ChanServ changed the topic of #freedesktop to: https://www.freedesktop.org infrastructure and online services || for questions about freedesktop.org projects, please see each project's contact || for discussions about specifications, please use https://gitlab.freedesktop.org/xdg or xdg@lists.freedesktop.org
ybogdano has joined #freedesktop
ybogdano has quit [Ping timeout: 480 seconds]
ds` has quit [Quit: ...]
ds` has joined #freedesktop
chomwitt has quit [Ping timeout: 480 seconds]
<robclark>
daniels: I enjoyed the MR Label Maker pun (and also seems like something gitlab should have supported out of the box for like ever) ;-)

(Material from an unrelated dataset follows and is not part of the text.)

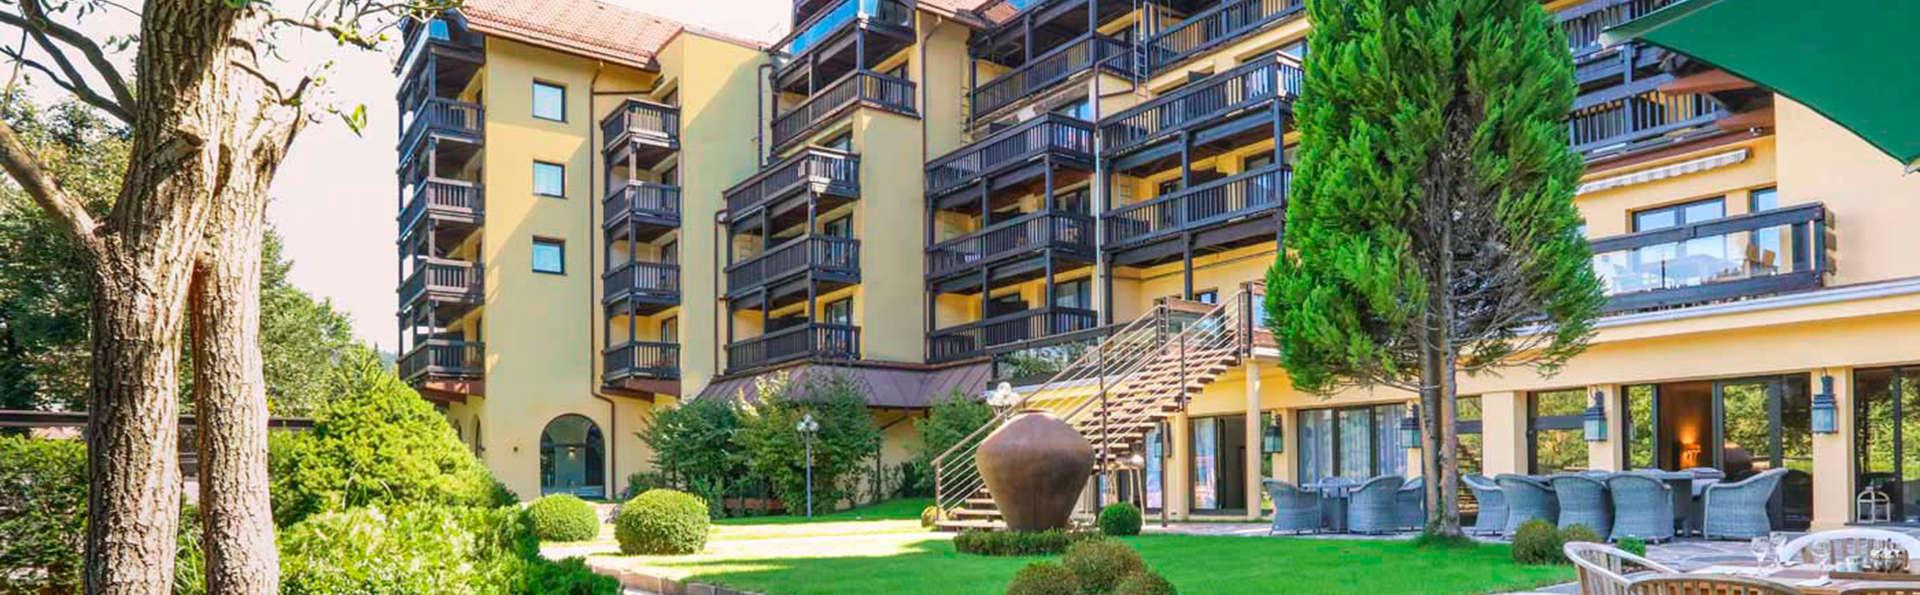 Parkhotel Luise Bad Herrenalb - EDIT_NEW_front.jpg
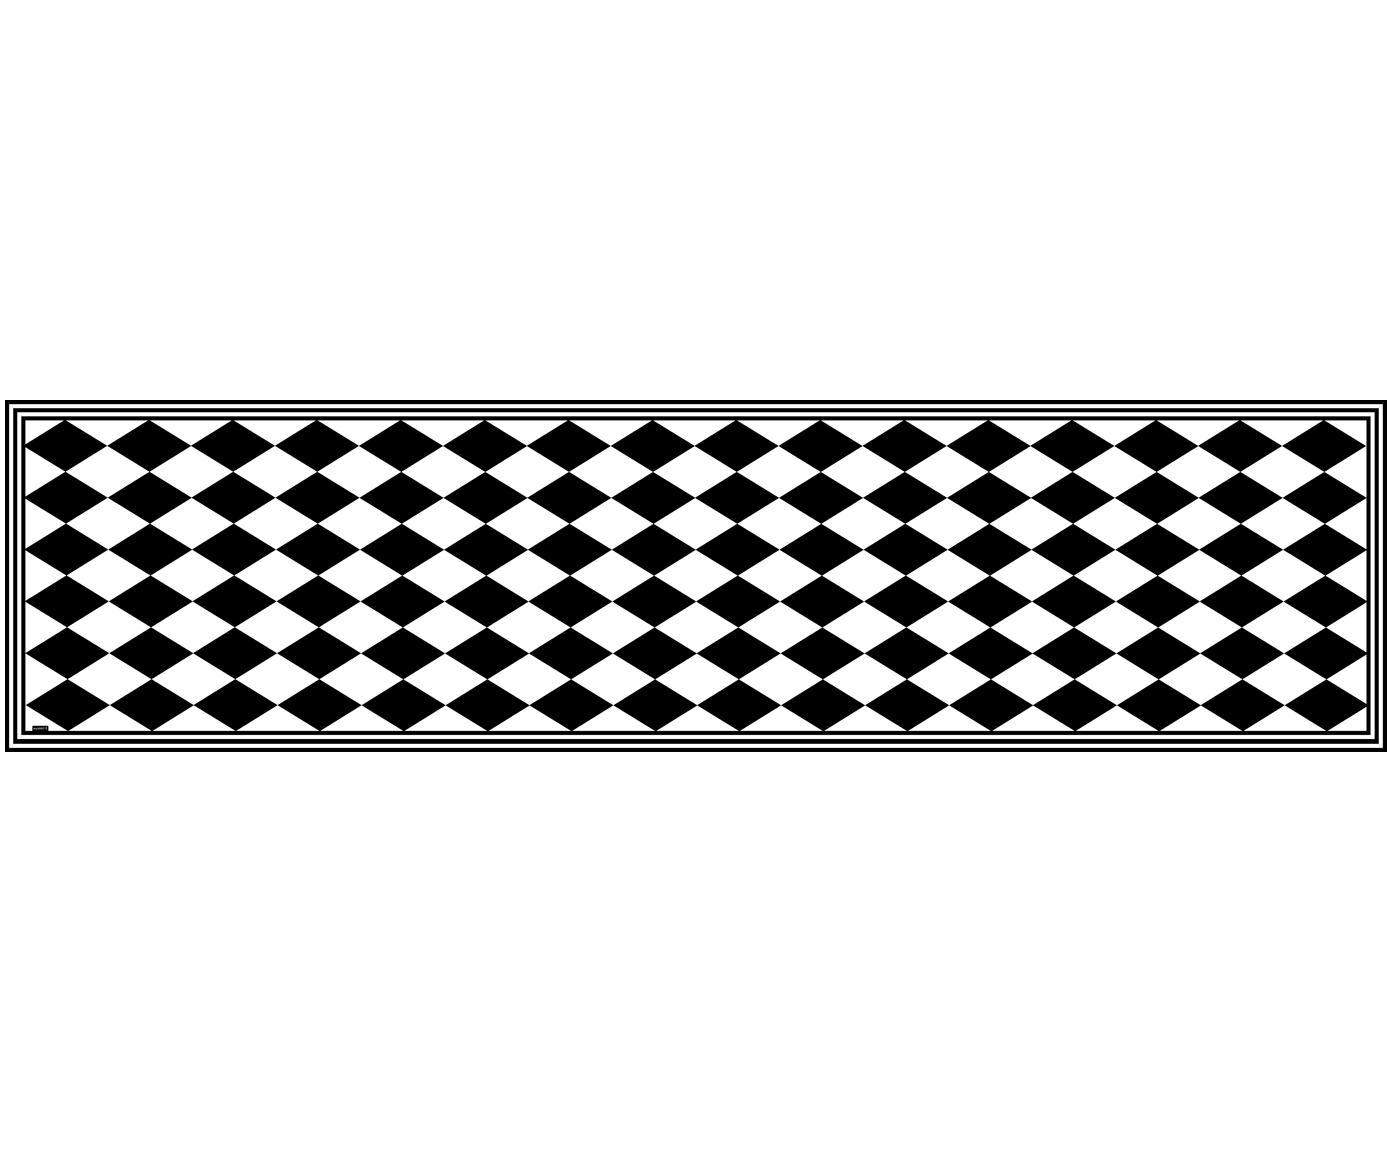 Vinyl vloermat Bobby II, Recyclebaar vinyl, Zwart, wit, 65 x 255 cm

alpernebbi has joined #freedesktop
alpernebbi_ has quit [Ping timeout: 480 seconds]
ximion has quit []
genpaku has quit [Read error: Connection reset by peer]
genpaku has joined #freedesktop
AbleBacon has quit [Read error: Connection reset by peer]
ybogdano has joined #freedesktop
ybogdano has quit [Ping timeout: 480 seconds]
eroux has joined #freedesktop
danvet has joined #freedesktop
chomwitt has joined #freedesktop
vbenes has joined #freedesktop
alanc has quit [Remote host closed the connection]
alanc has joined #freedesktop
itoral has joined #freedesktop
immibis has quit [Remote host closed the connection]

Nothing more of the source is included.